| ACTION ITEM |
Restate word for word only the lines running from the one with "Regular Tyre Pressure Checking New Tyre" to the end of the data, both ends included. Omit any pictures.

| INFORMATION SUPPLIED |

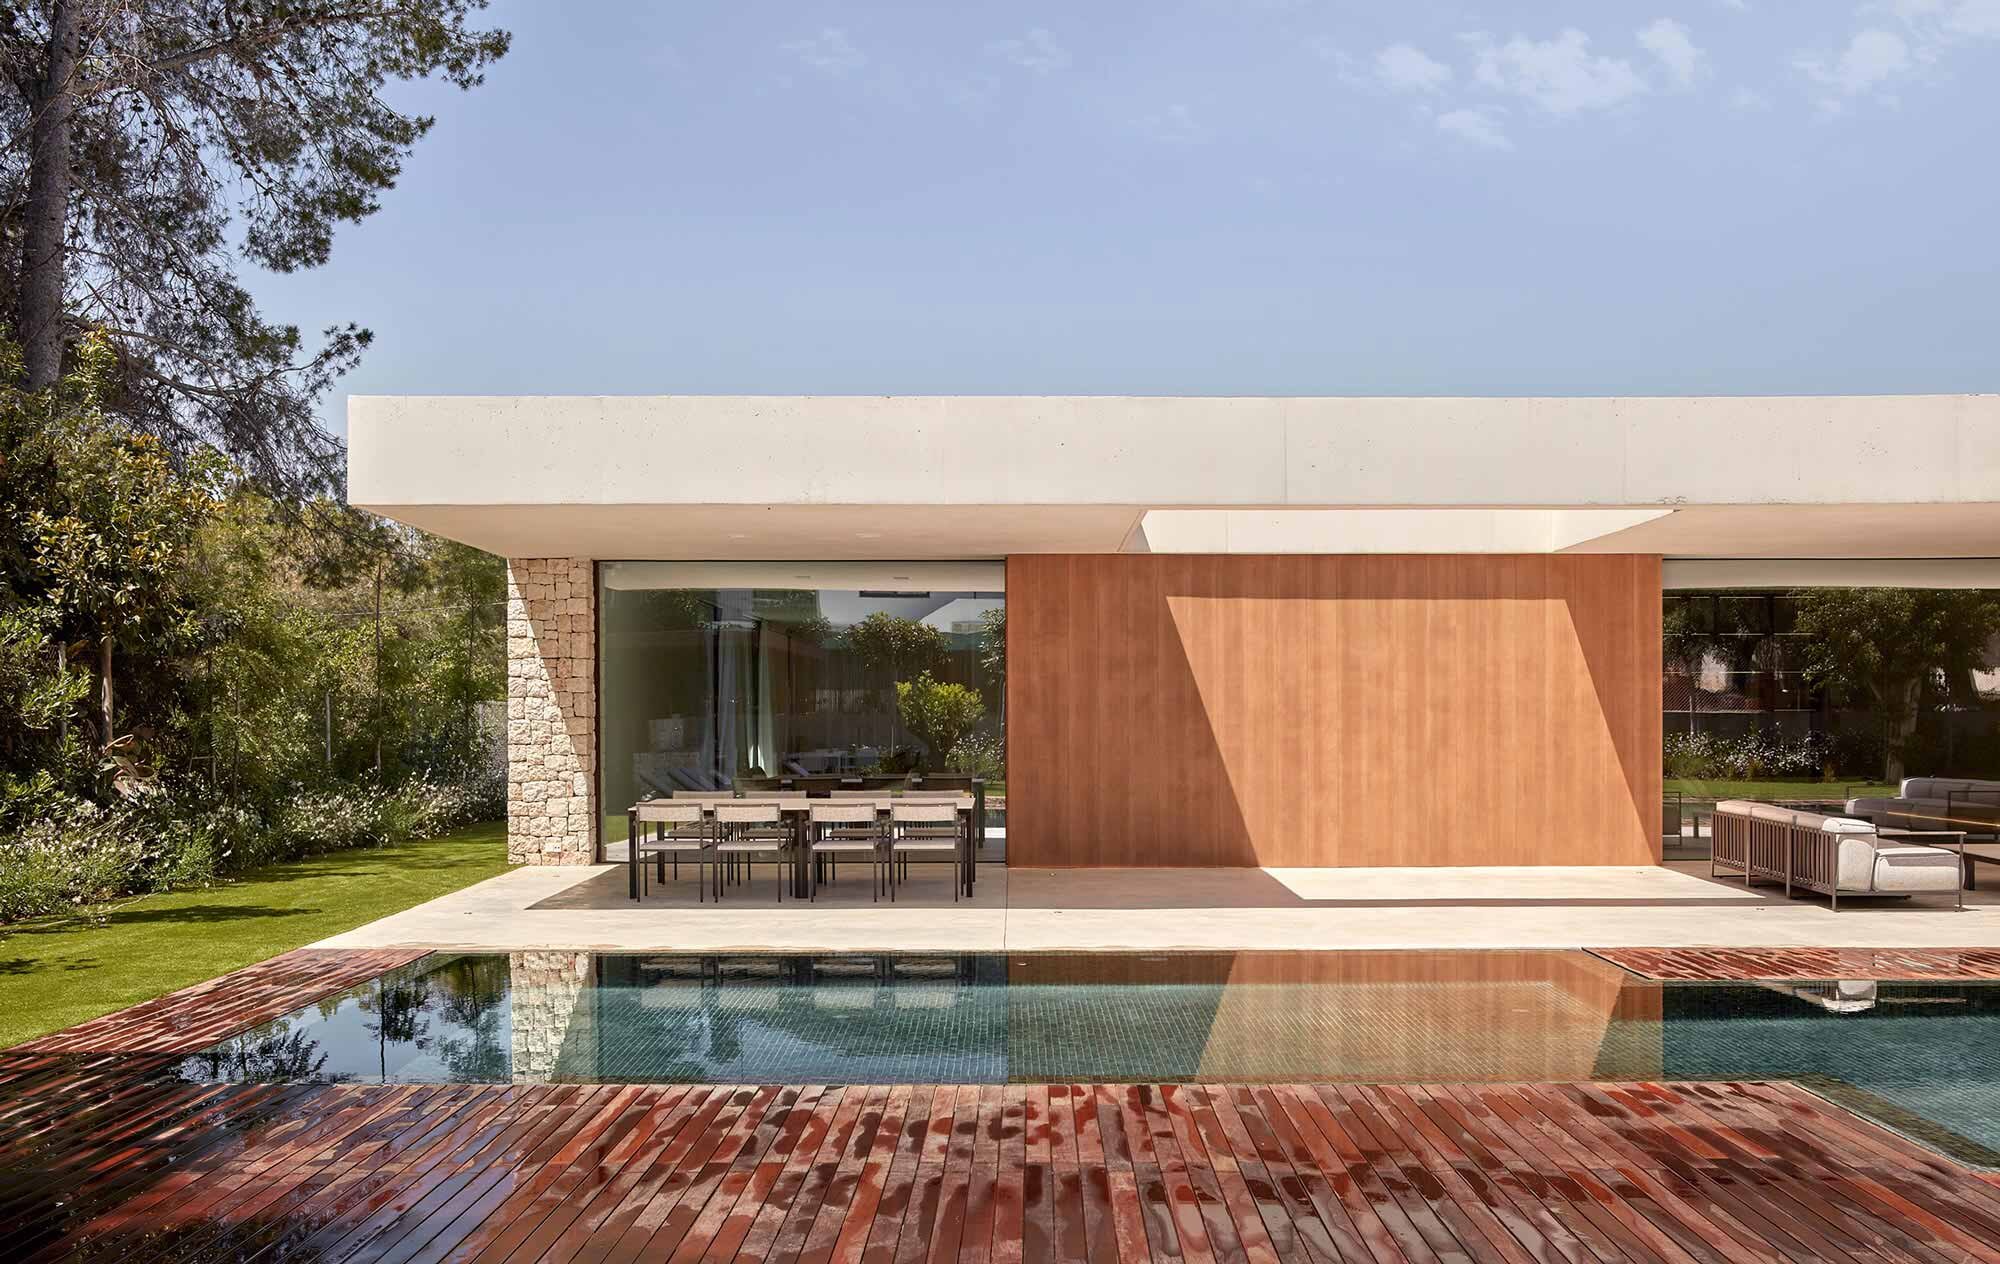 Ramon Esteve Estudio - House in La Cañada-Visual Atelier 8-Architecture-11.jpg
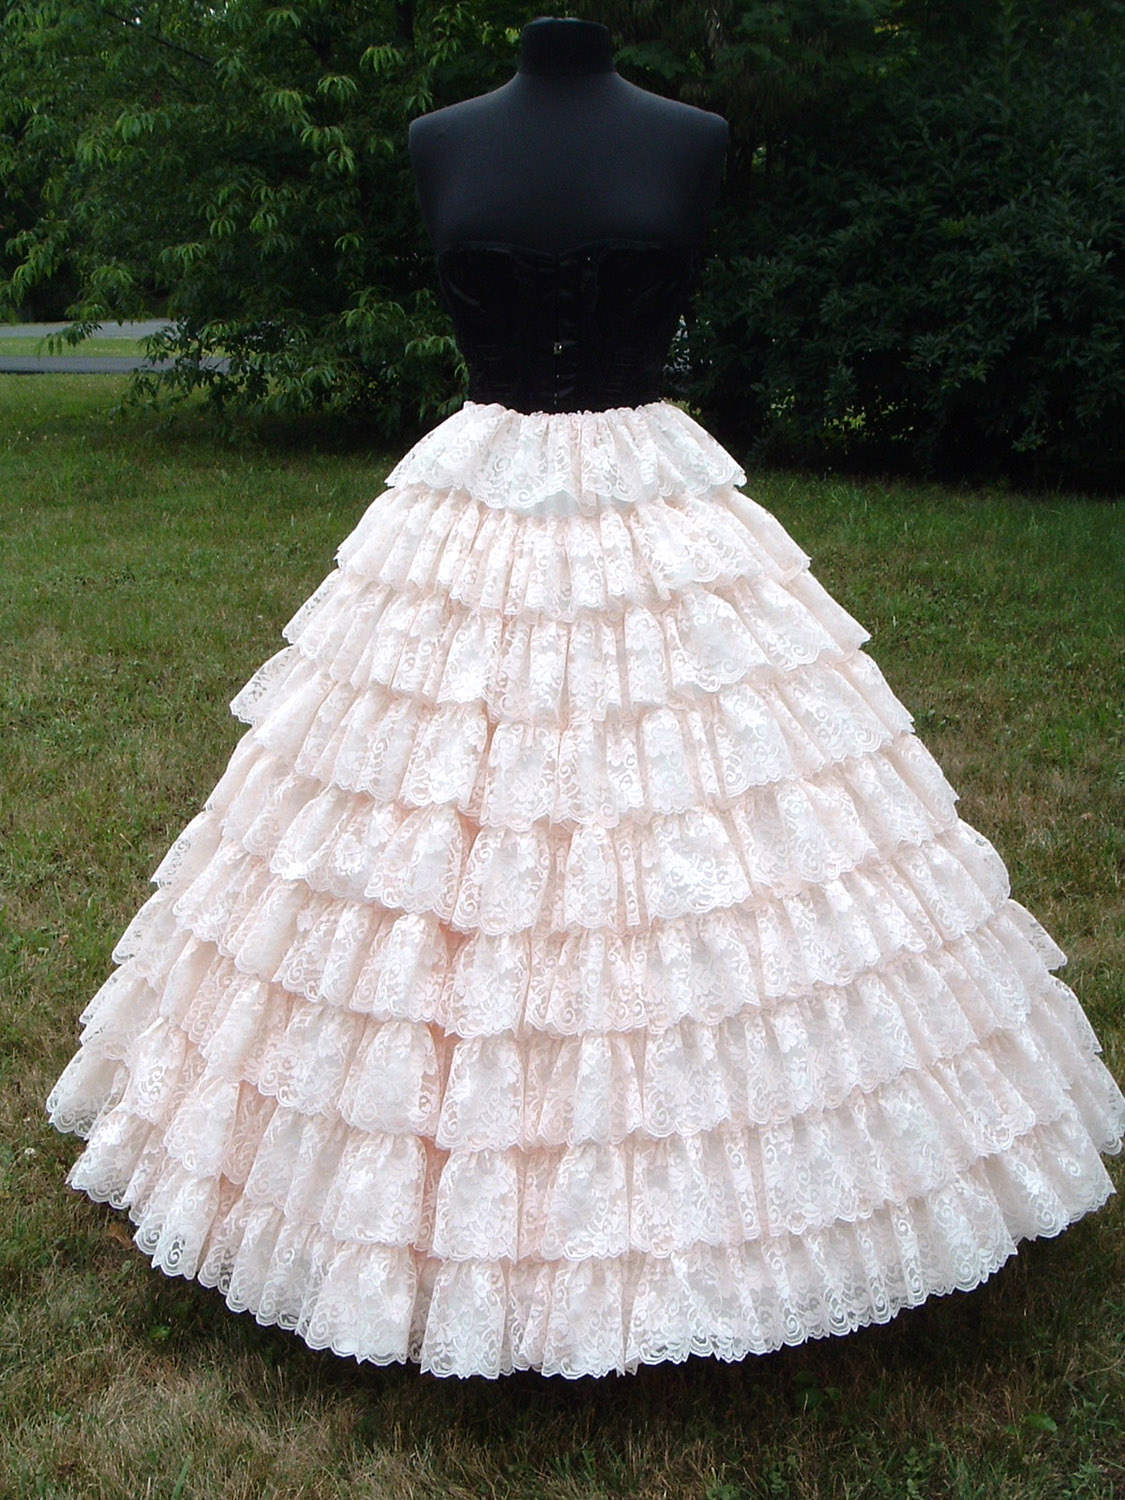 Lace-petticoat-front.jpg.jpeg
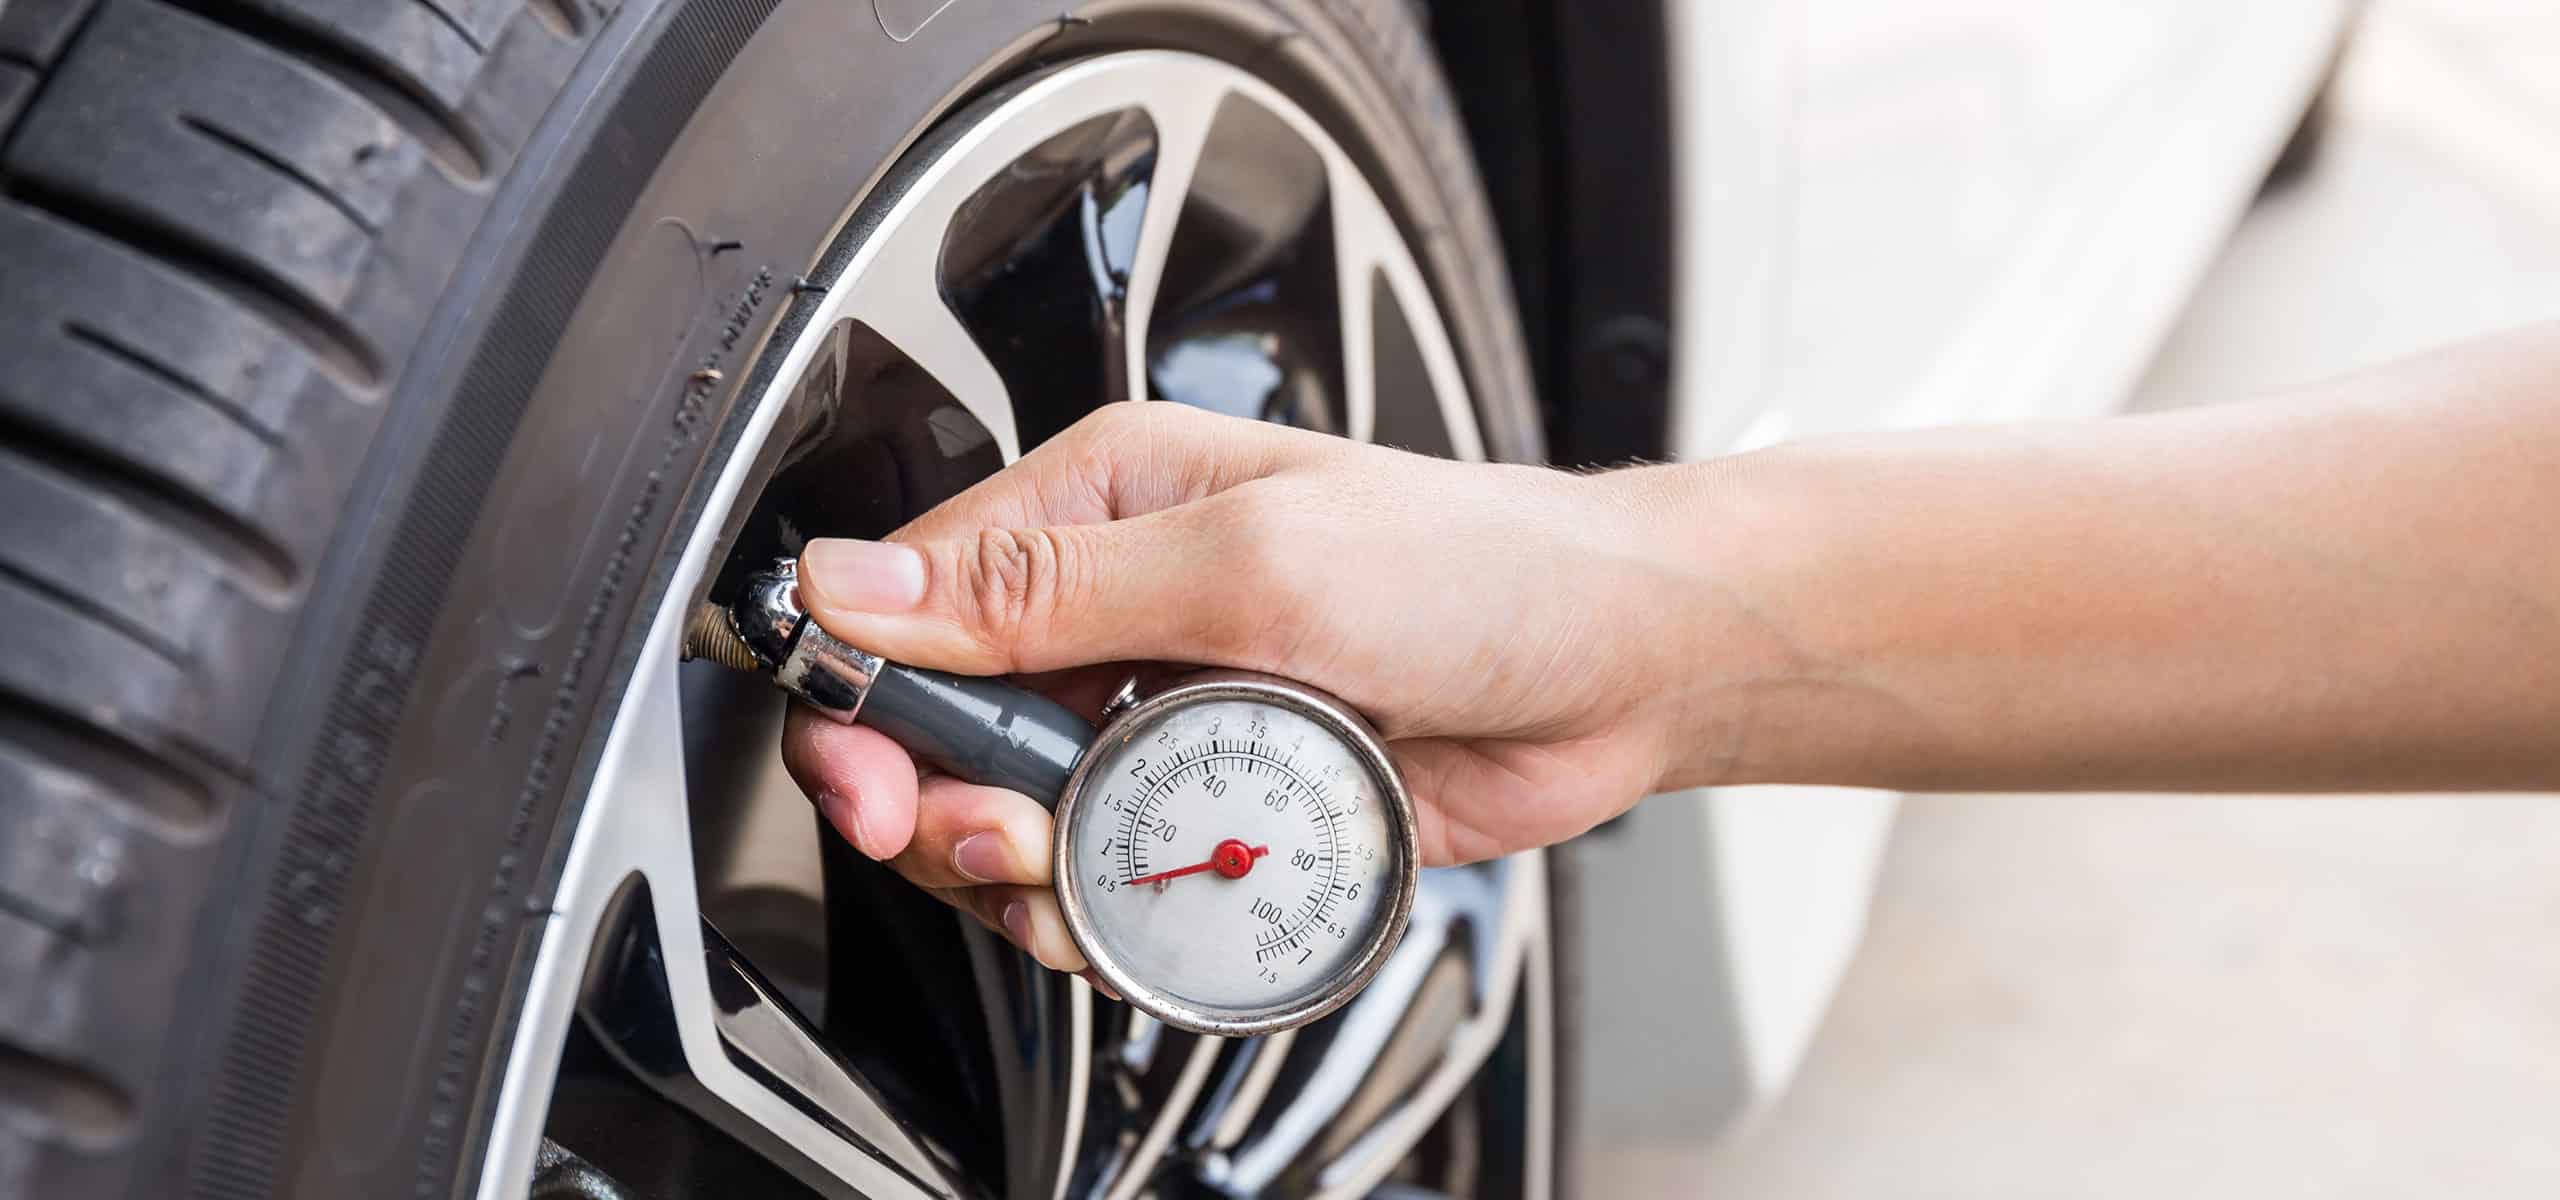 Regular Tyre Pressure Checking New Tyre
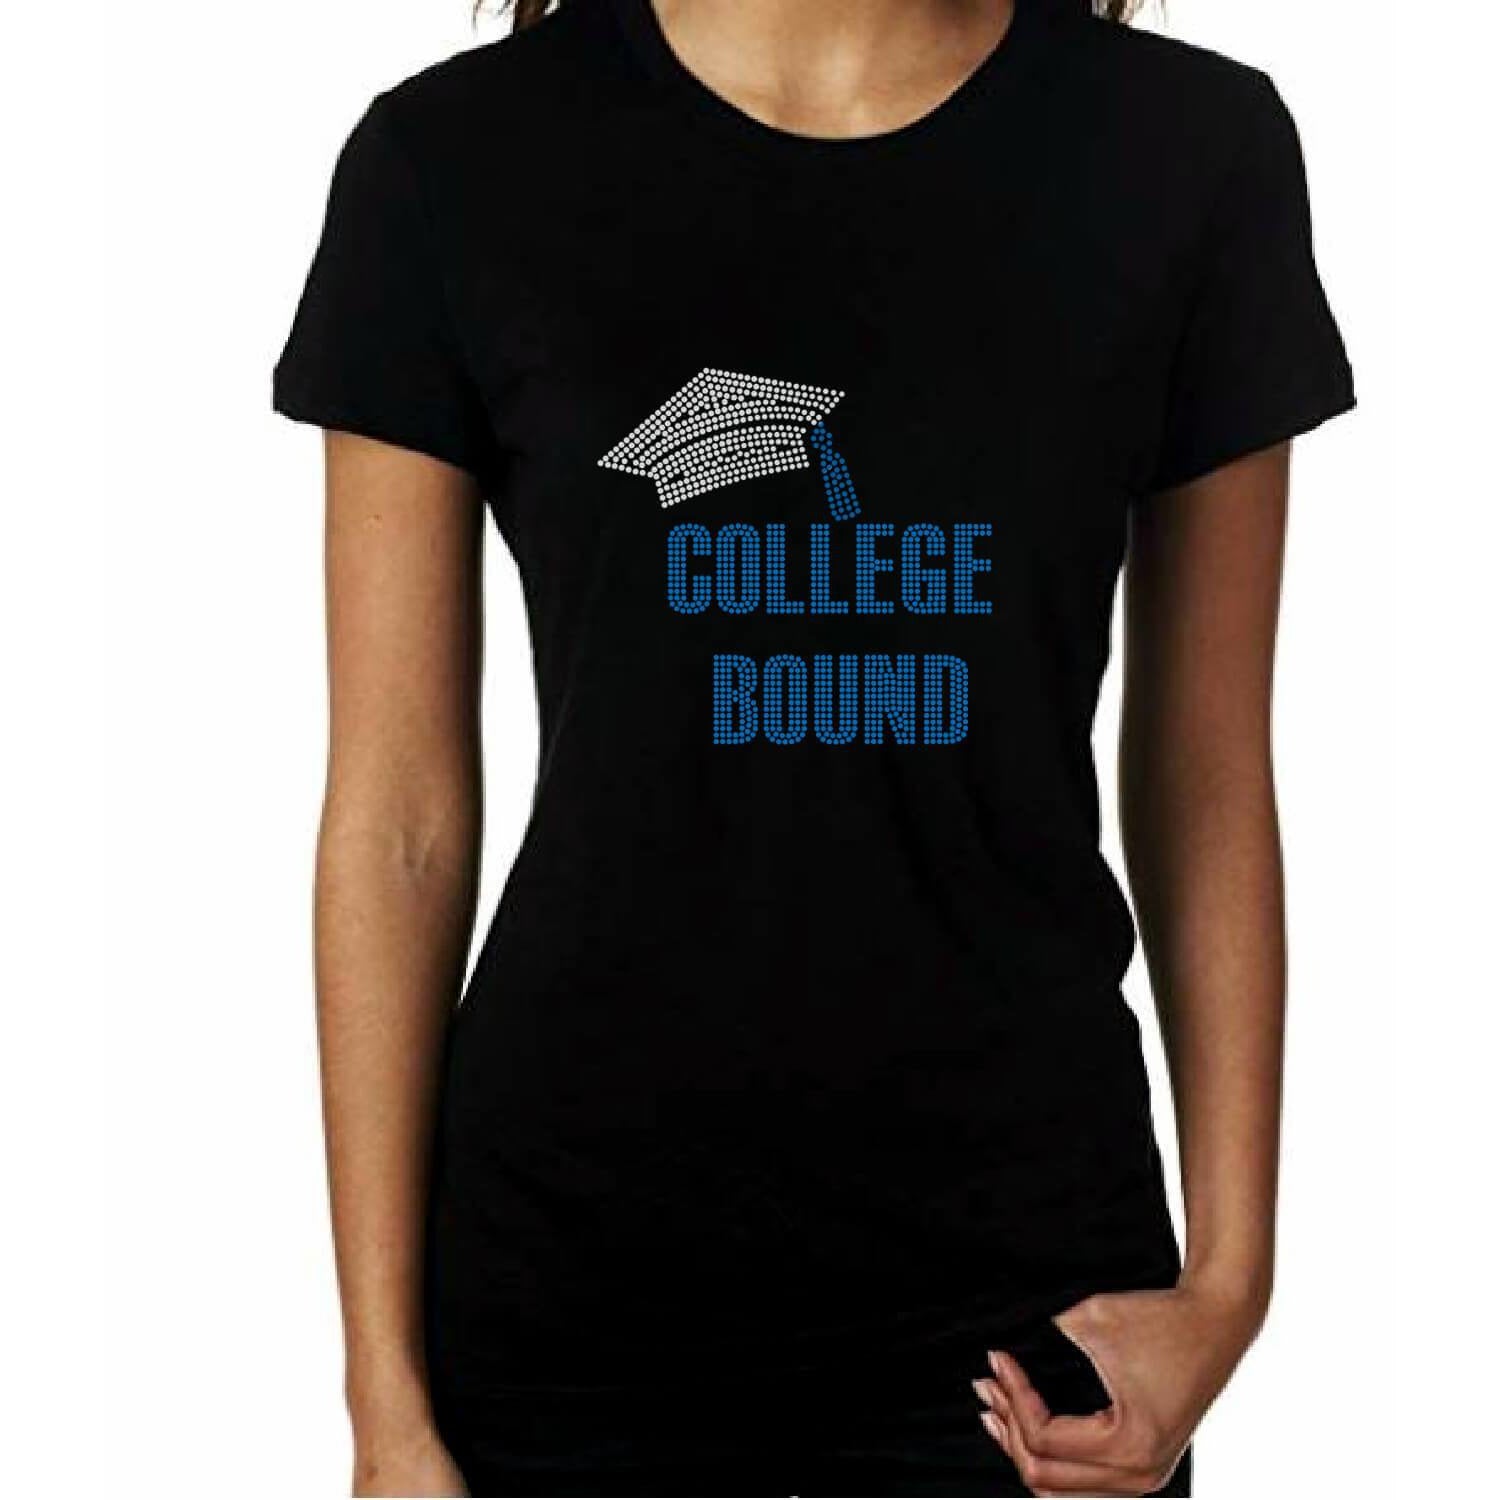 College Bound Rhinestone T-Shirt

| WRITTEN ANSWER |
 Regular Tyre Pressure Checking New Tyre
 College Bound Rhinestone T-Shirt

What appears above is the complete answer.